— Эта дама, — сказал Ришелье, — по-видимому, не принадлежит к придворному штату или не бывает при дворе, ибо не знает правил этикета, иначе она не предположила бы, что король может посетить скромнейшего из своих слуг.
— Эта дама действительно не принадлежит к придворному штату — ответил Сен-Симон. — Правда и то, что она не бывает при дворе; однако многие придворные посещают ее и считают это за честь. Вот почему я весьма верю ее предсказаниям, если она удостаивает чести мне их делать.
— Она вам их когда-нибудь делала?
— Мне, монсеньер? — переспросил Сен-Симон и рассмеялся чистосердечным смехом молодости, показывая великолепные зубы.

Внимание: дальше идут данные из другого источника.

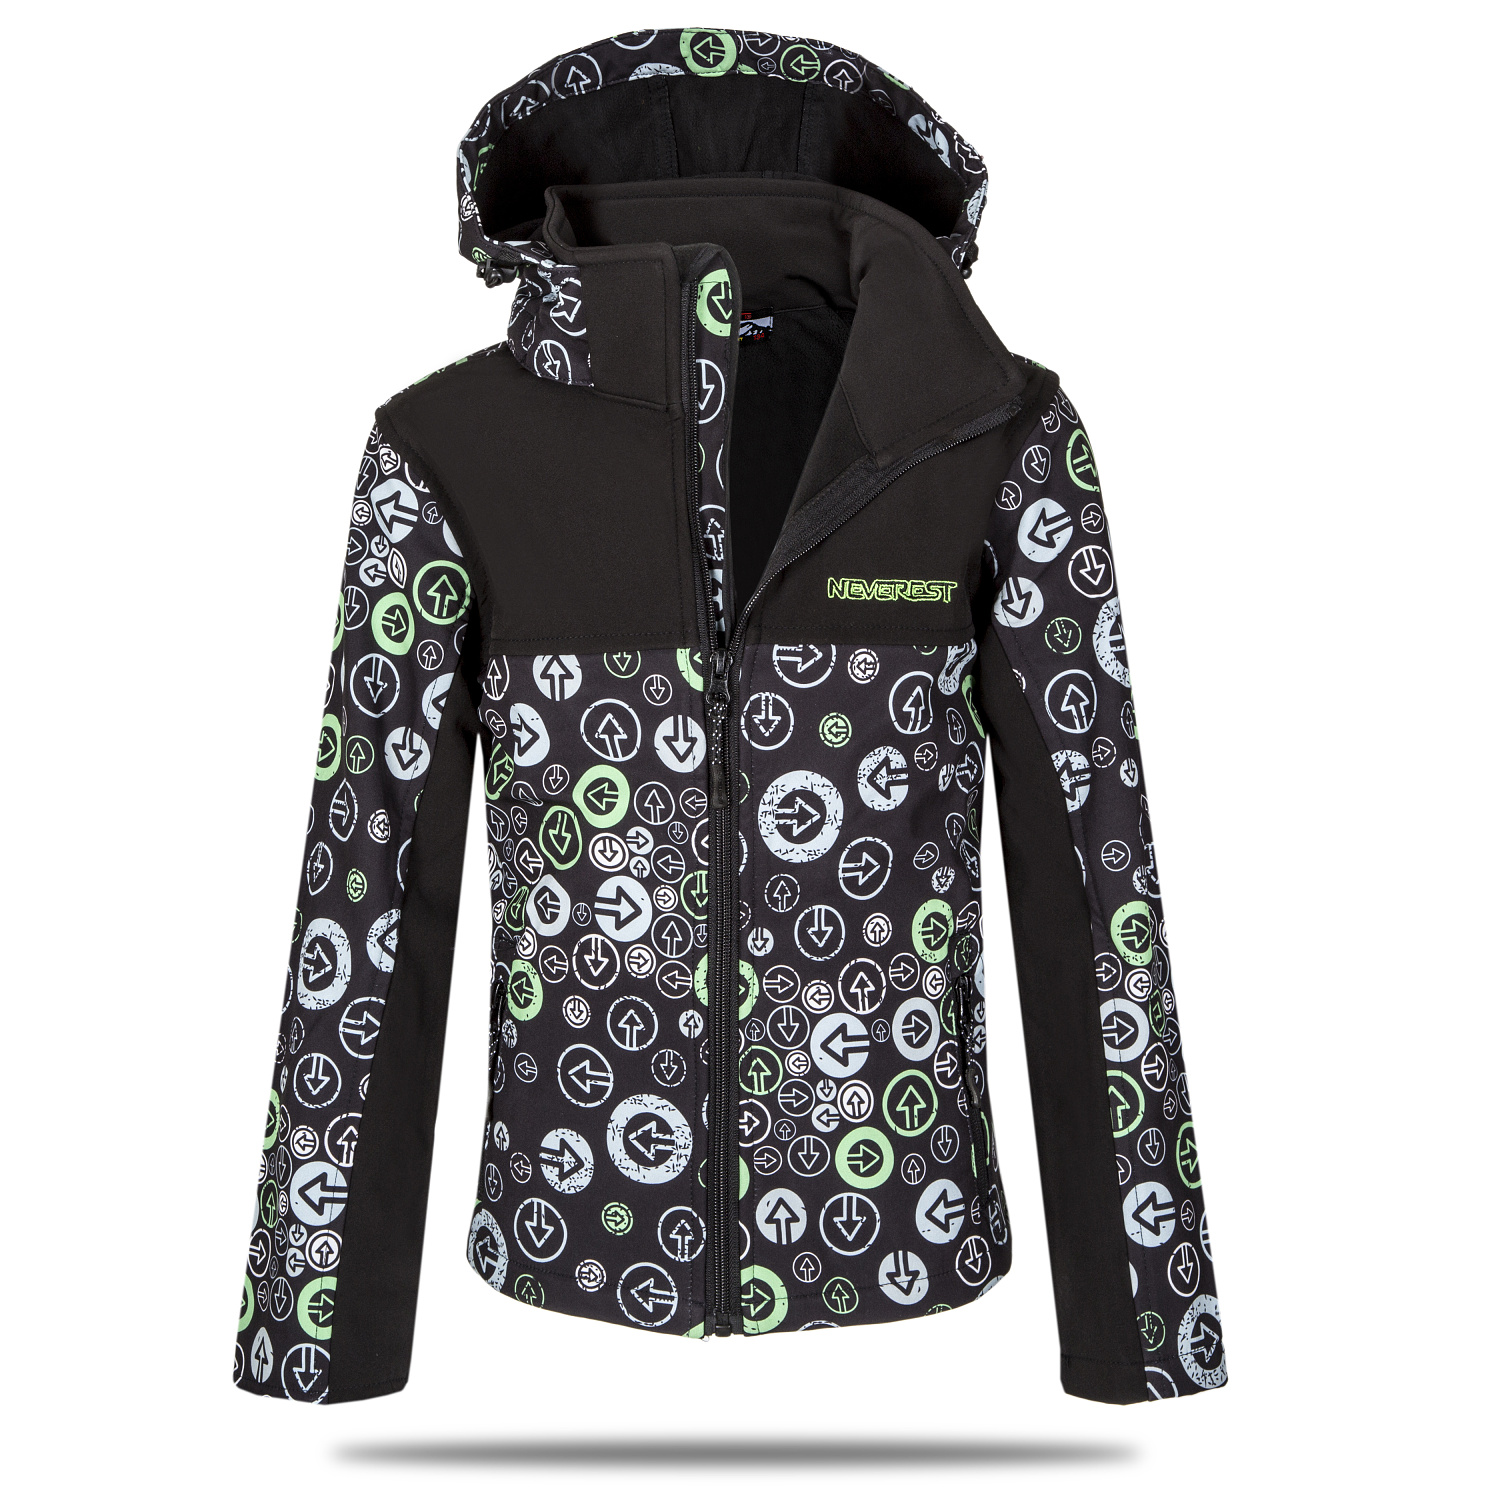 Chlapecká softshellová bunda - NEVEREST I-6296cc, černo-zelená Barva: Černá, Velikost: 110

— Не говорила ли она вам когда-нибудь, что, по всей вероятности, господин Барада окажется в немилости у короля, что сменит его господин де Сен-Симон и что продвижению этого молодого человека некий кардинал, который был министром и намеревается вновь стать им, не только не будет противиться, но, наоборот, поможет?
— Она говорила мне нечто в этом роде, монсеньер, но это было не предсказание. Это было обещание, а я меньше верю обещаниям Марион Делорм… Ах, Боже мой! Вот я невольно и назвал ее!
— Я, как Цезарь, — сказал Ришелье, — несколько глух на правое ухо. Я не расслышал.
— Простите, монсеньер, — заметил Сен-Симон, — но я полагал, что Цезарь плохо слышал на левое ухо.
— Возможно, ответил кардинал, — но во всяком случае у меня есть перед ним одно преимущество: я глух на то ухо, каким не хочу слышать. Вы только что от двора, какие там новости? Само собой разумеется, я спрашиваю вас о новостях, которые все знают, и которых я не знаю, живя в Шайо, то есть в провинции.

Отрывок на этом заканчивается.